7:30 pm (Berwick Academy)

 The incredible tale of a young girl captured in Wells, Maine, and taken to Canada in 1703, never to return, will be presented by author Dr. Ann Little at our monthly lecture at the Berwick Academy Arts Center. “The Many Captivities of Esther Wheelwright: Communities in the Northeast Borderlands” is open to the public. Admission is free with donations are gratefully accepted.  

Born and raised to age 7, Esther Wheelwright (1696-1780) was captured by the Wabanaki and taught to live as a native girl. Enrolled in a convent school in Quebec City at age 12, she eventually became Mother Superior of the Ursuline order. 

Dr. Little will explore Wheelwright's story and what it reveals about three cultures that defined the colonial era. She is the author of two books focused on women in New England’s early history, including The Many Captivities of Esther Wheelwright, recently published by Yale University Press. She is an associate professor of history at Colorado State University and received the David and Dana Dornsife Fellowship from the Huntington Library in California to pursue her research in 2014.

"Wheelwright’s story is an astonishing personal account of a life transformed by three cultures that defined the colonial era,” said Nina Maurer, consulting curator for the Old Berwick Historical Society. 

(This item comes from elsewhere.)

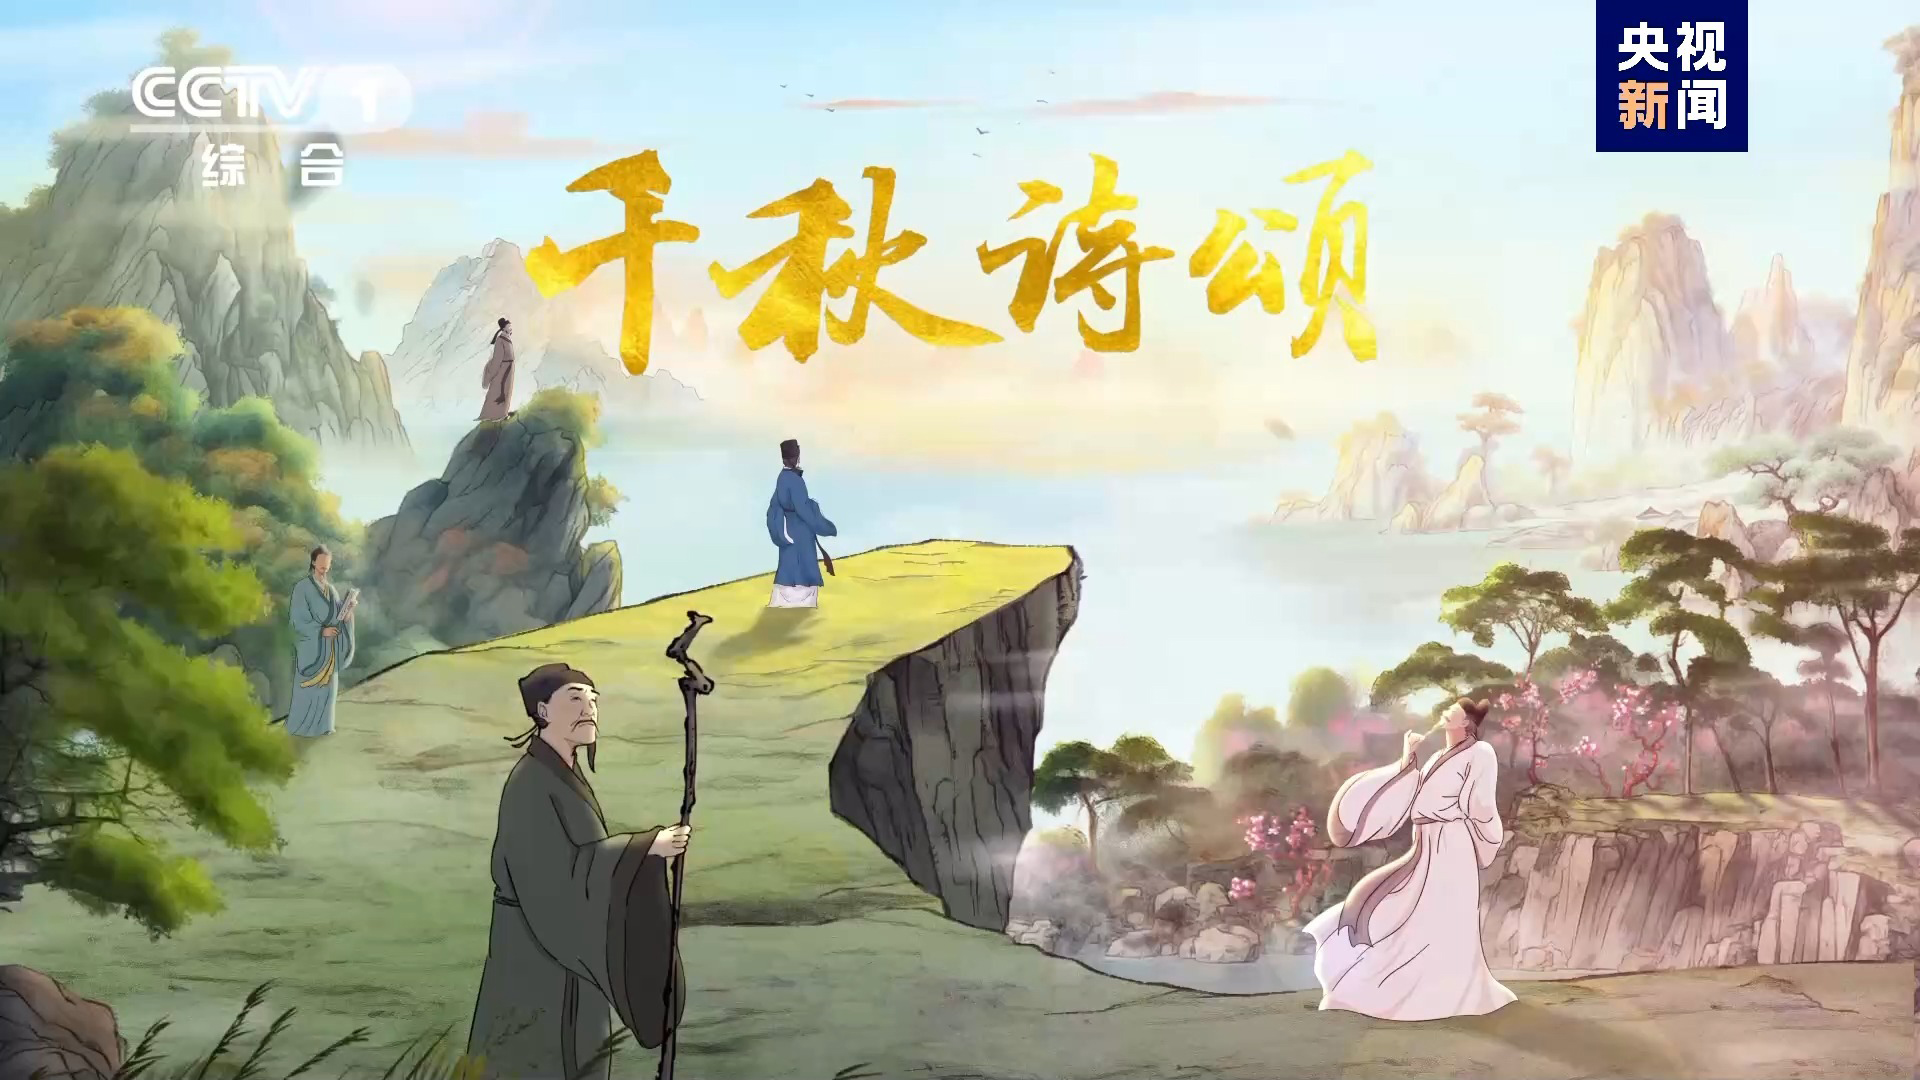 央视发布中国首部文生视频AIGC创作的系列动画片《千秋诗颂》，英文版在海外上星频道播出

Taken in Wells during wartime by the Wabanaki and taught to pray as a Catholic and live as a Native girl, she was enrolled in the Ursuline convent school, where she would remain for the rest of her life as a choir nun, eventually becoming the first and only foreign-born Mother Superior of the order.

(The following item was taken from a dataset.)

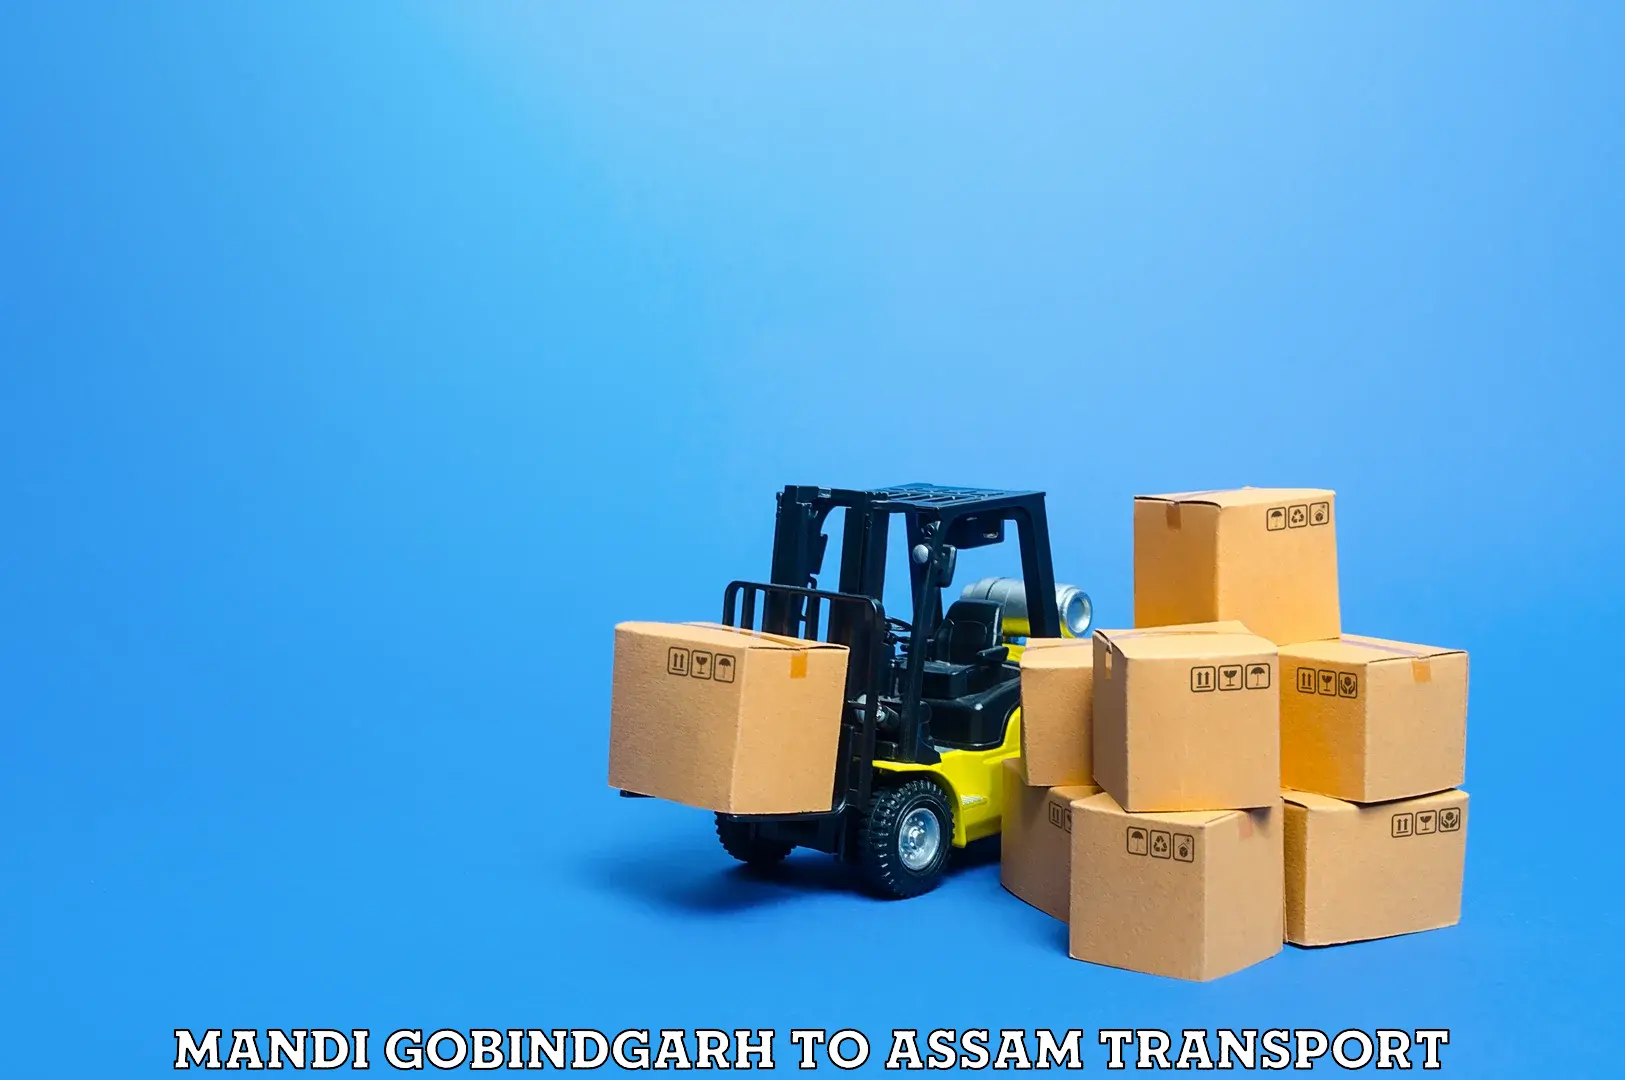 Furniture transport service Mandi Gobindgarh to Dhekiajuli

“Crossing borders and navigating social upheaval is the core of our 2017 lecture series, focused on cultural frontiers " said Maurer. "Esther Wheelwright embodies the imperial conquest of North America like no other eighteenth-century figure, yet she has been largely written out of the story of American history. Dr. Little explores what Wheelwright’s journey reveals about English, Wabanaki and French cultures that vied for control of a continent."

The 2017 lecture series coincides with a new Counting House Museum exhibit opening in June, entitled Forgotten Frontier: Untold Stories of the Piscataqua, about eight diverse characters who competed for control of their destiny in this region 400 years ago. OBHS lectures are generously sponsored by Kennebunk Savings.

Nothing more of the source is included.